Work task
Print exactly, and only, the lines from the one that has "Refurbished Louis Vuitton" through the end of the material below, with both ends included and the pictures omitted.

Supplied data
========

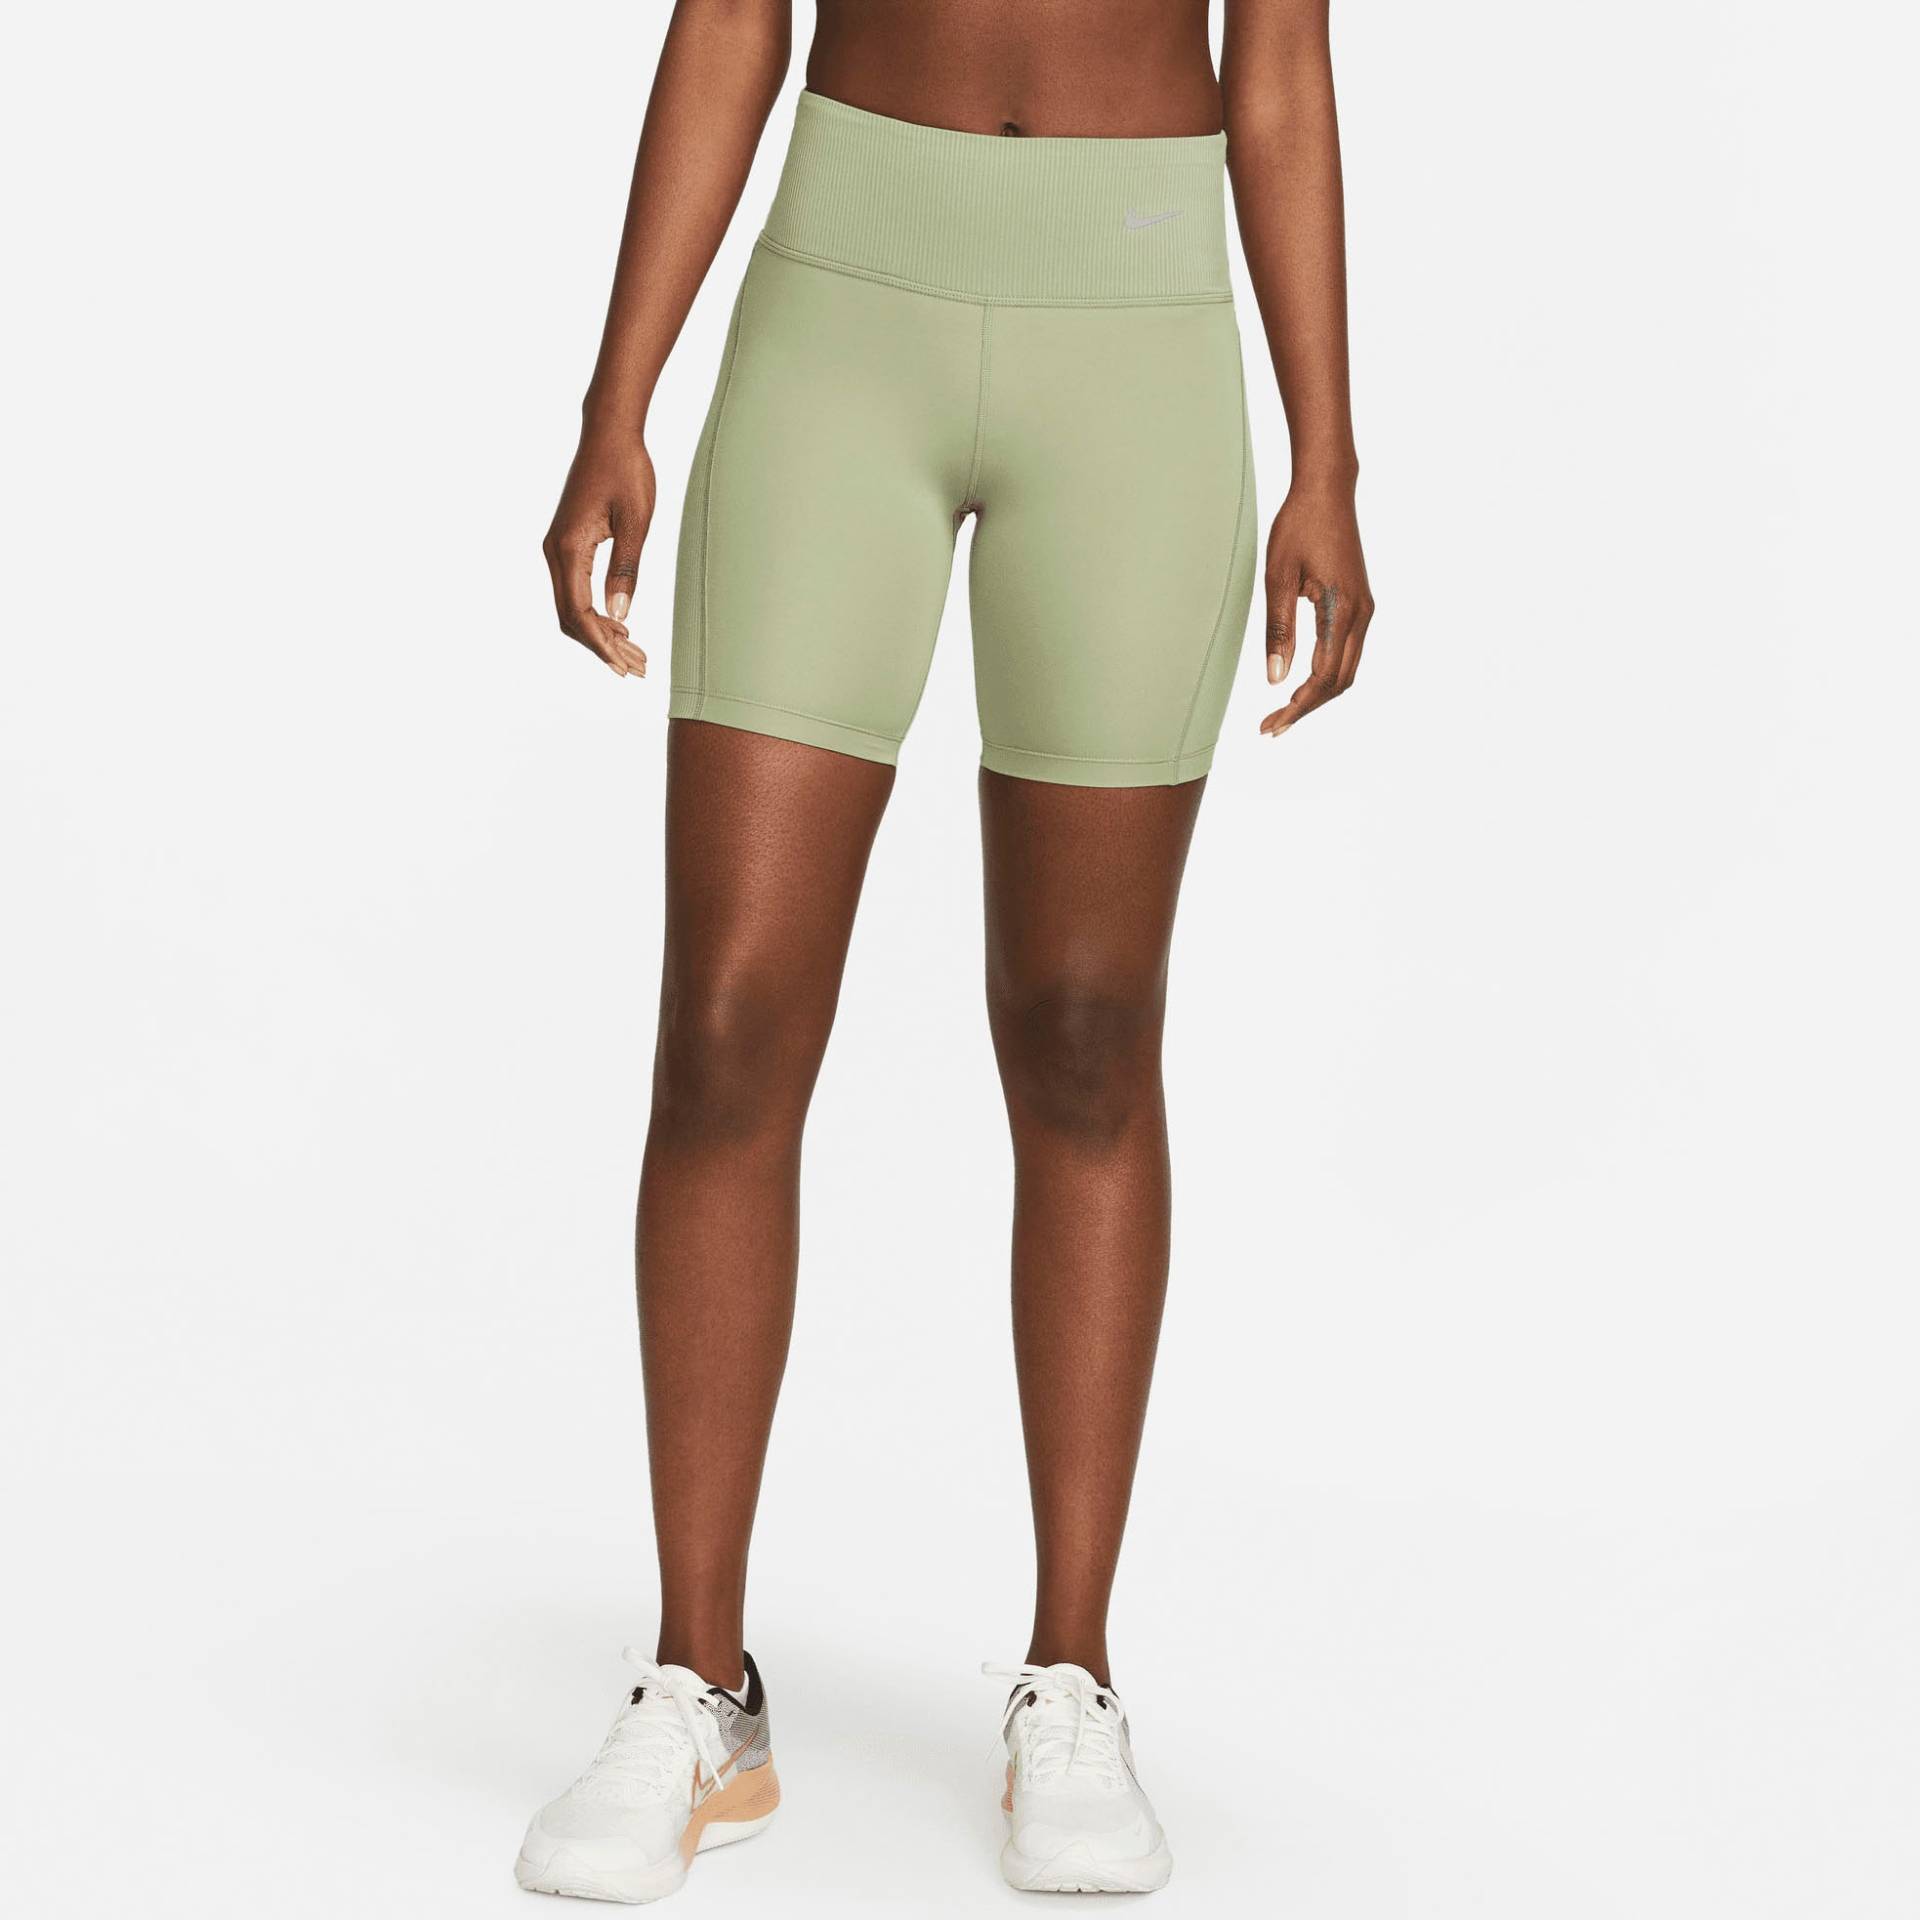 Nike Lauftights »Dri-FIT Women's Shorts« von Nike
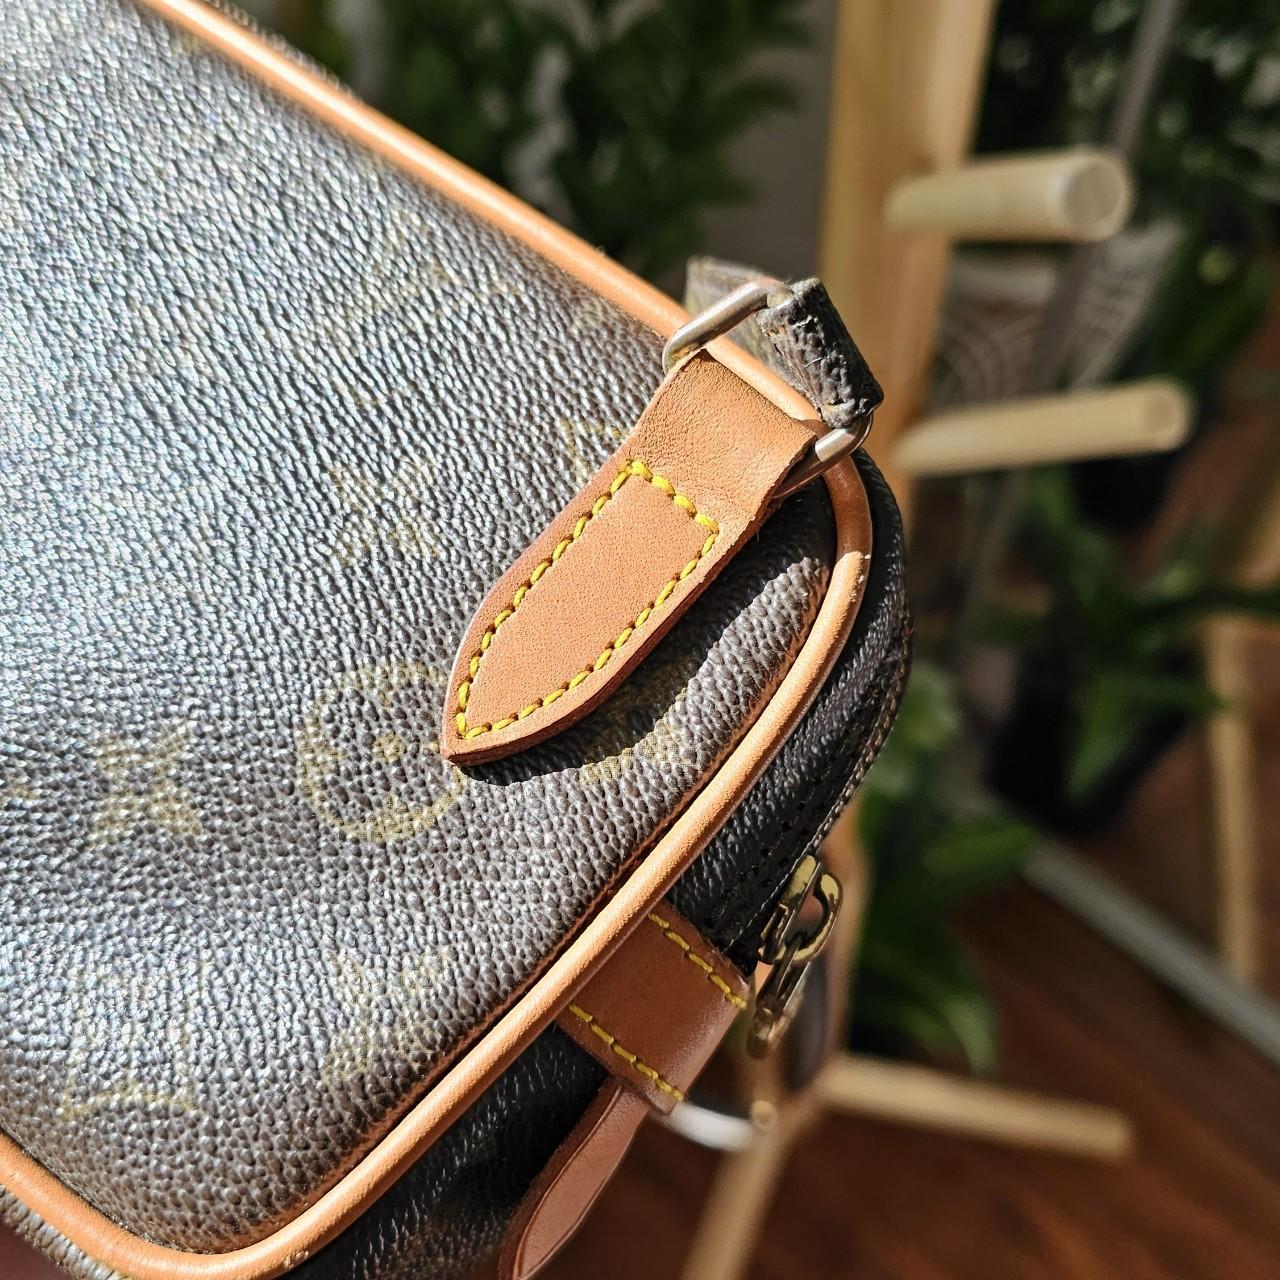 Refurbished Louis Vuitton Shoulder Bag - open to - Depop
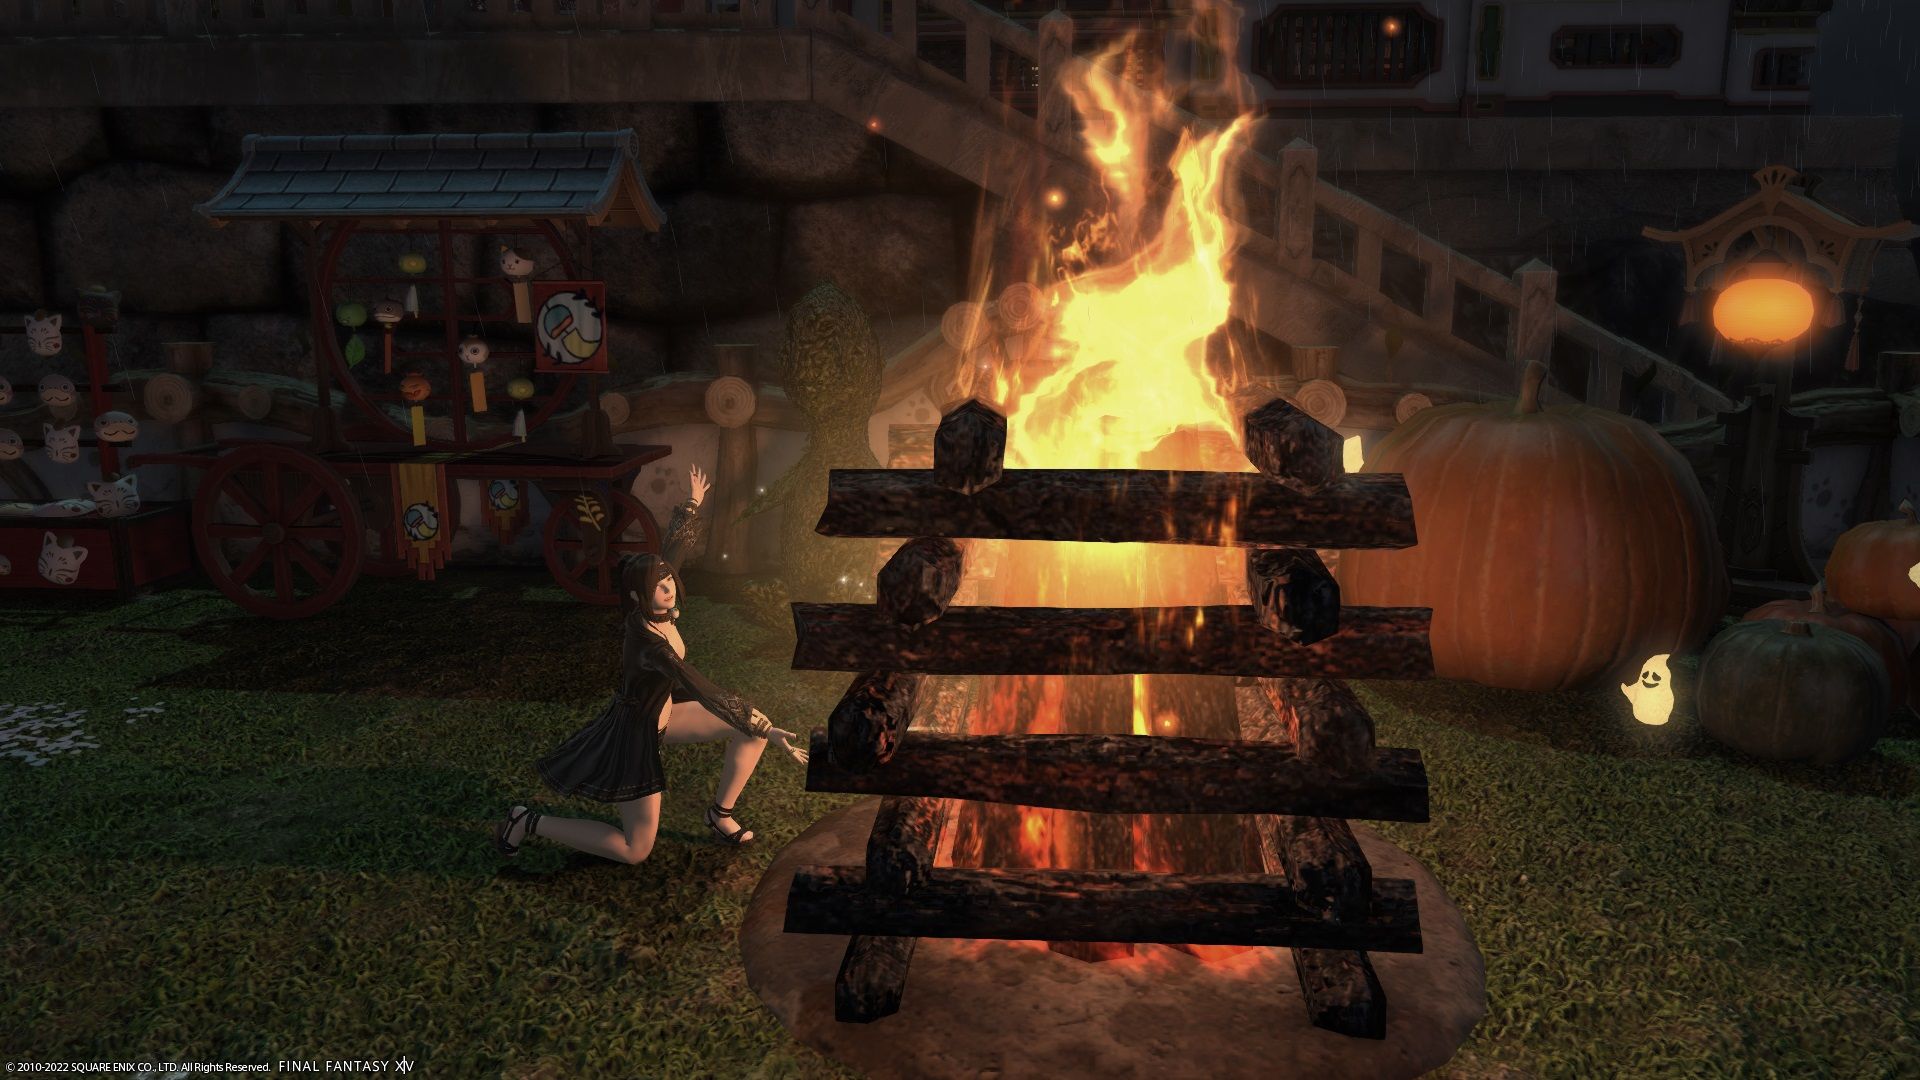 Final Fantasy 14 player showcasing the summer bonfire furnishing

========

Response area
 Refurbished Louis Vuitton Shoulder Bag - open to - Depop
 Final Fantasy 14 player showcasing the summer bonfire furnishing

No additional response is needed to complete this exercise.